At the top of the list is central bank reserves.   We find that the level of reserves in 2007 was a statistically significant predictor of crisis incidence in 2008-09.   The best-performing of the reserve measures expresses them relative to short-term debt.   This is consistent with earlier findings, including the Guidotti Rule that tells emerging market central banks to hold reserves equal to at least the amount of debt maturing within one year.

Next on our list is overvaluation measured by past movements in the real effective exchange rate (REER). It is statistically significant in predicting devaluation, exchange market pressure and access to IMF stand-by arrangement programs.    A few of the other leading indicators stand out as well.  A higher current account balance or level of national savings is associated with lower crisis intensity. Other variables with some explanatory power but less consistently useful across different measures include the level of external debt, its composition (e.g. short-term vs. long-term), and the extent of Foreign Direct Investment (FDI).  Broadly speaking, many Eastern European countries suffered in the crisis for these reasons, while most Asian countries did much better.

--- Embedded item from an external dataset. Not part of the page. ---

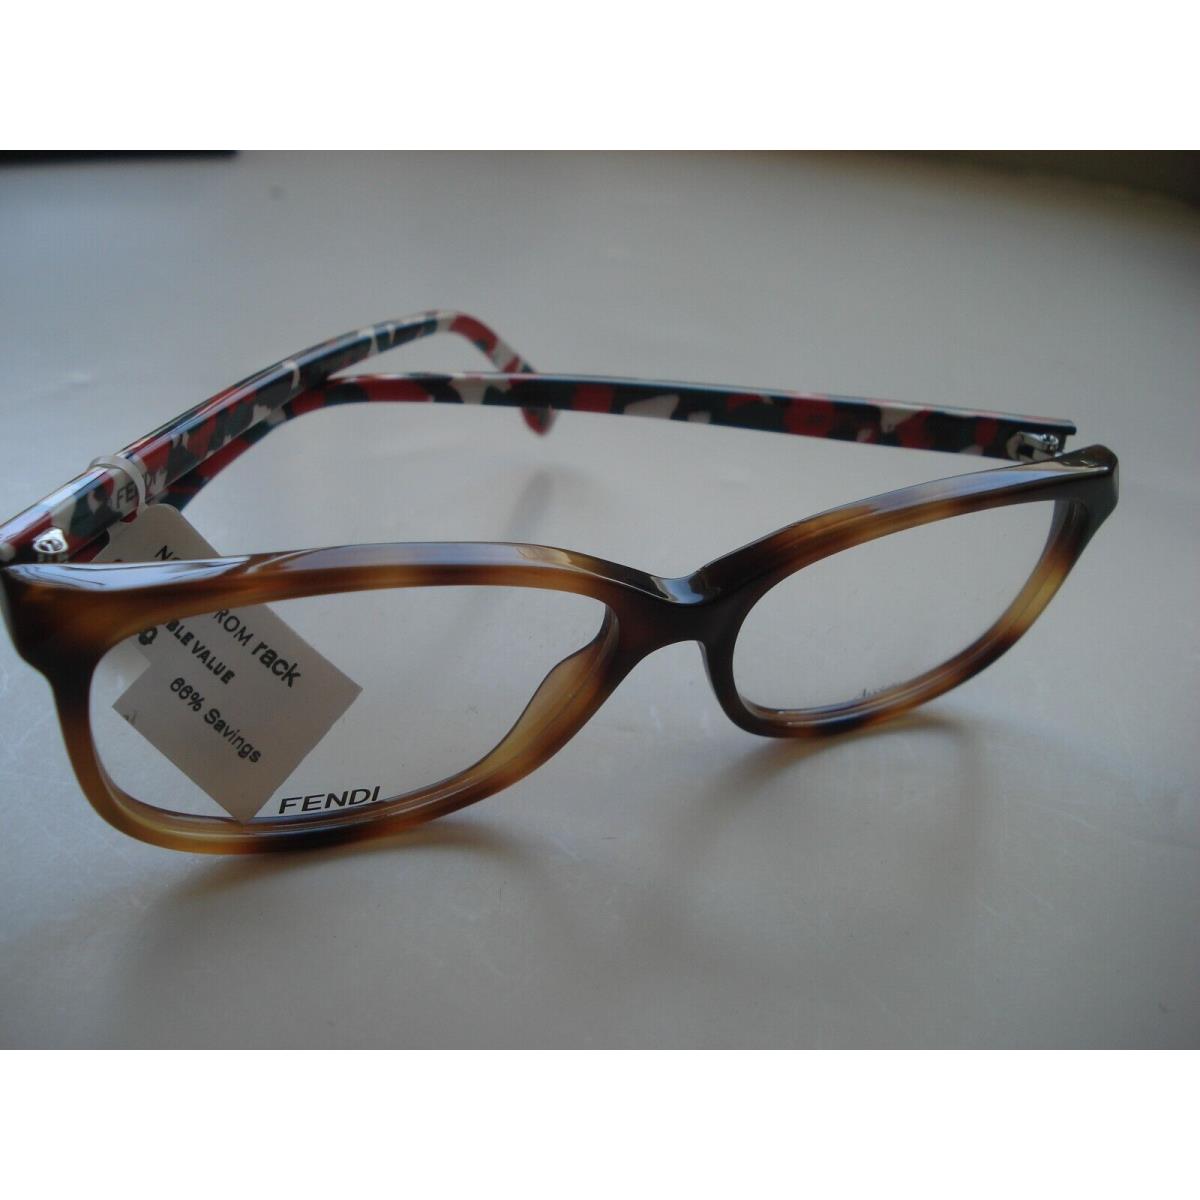 Fendi eyeglasses TTR - Brown Frame 4

We conclude that early warning exercises can indeed be a useful tool for assessing future vulnerabilities.   The same variable that topped the list of indicators in the earlier literature, central bank reserves, also worked the best in predicting who got hit in the 2008-09 crisis.

Click here for .pdf enlargement of the table below

[A slightly longer version of this summary appears on Vox.]


REFERENCES
Berkmen, Pelin, et. al., 2009, “The Global Financial Crisis: Explaining Cross-Country Differences in the Output Impact,” IMF Working Papers 09/280.

Blanchard, Olivier, Hamid Faruqee, and Vladimir Klyuev, 2009, “Did Foreign Reserves Help Weather the Crisis.”

Obstfeld, Maurice, Jay Shambaugh, and Alan Taylor, 2009, “Financial Instability, Reserves, and Central Bank Swap Lines in the Panic of 2008,” American Economic Review, 99, no.2, May, 480-86;   and 2010, “Financial Stability, the Trilemma, and International Reserves.” Amer. Ec. Journal: Macroeconomics.

Rose, Andrew, and Mark Spiegel, 2009a, “The Causes and Consequences of the 2008 Crisis: Early Warning,” Global Journal of Economics, forthcoming;   and 2009b, “The Causes and Consequences of the 2008 Crisis: International Linkages and American Exposure,” Pacific Economic Review, forthcoming.

Guidotti, Pablo, 2003, in Gonzalez, Corbo, Krueger, and Tornell, eds., Latin American Macroeconomic Reforms: The Second Stage.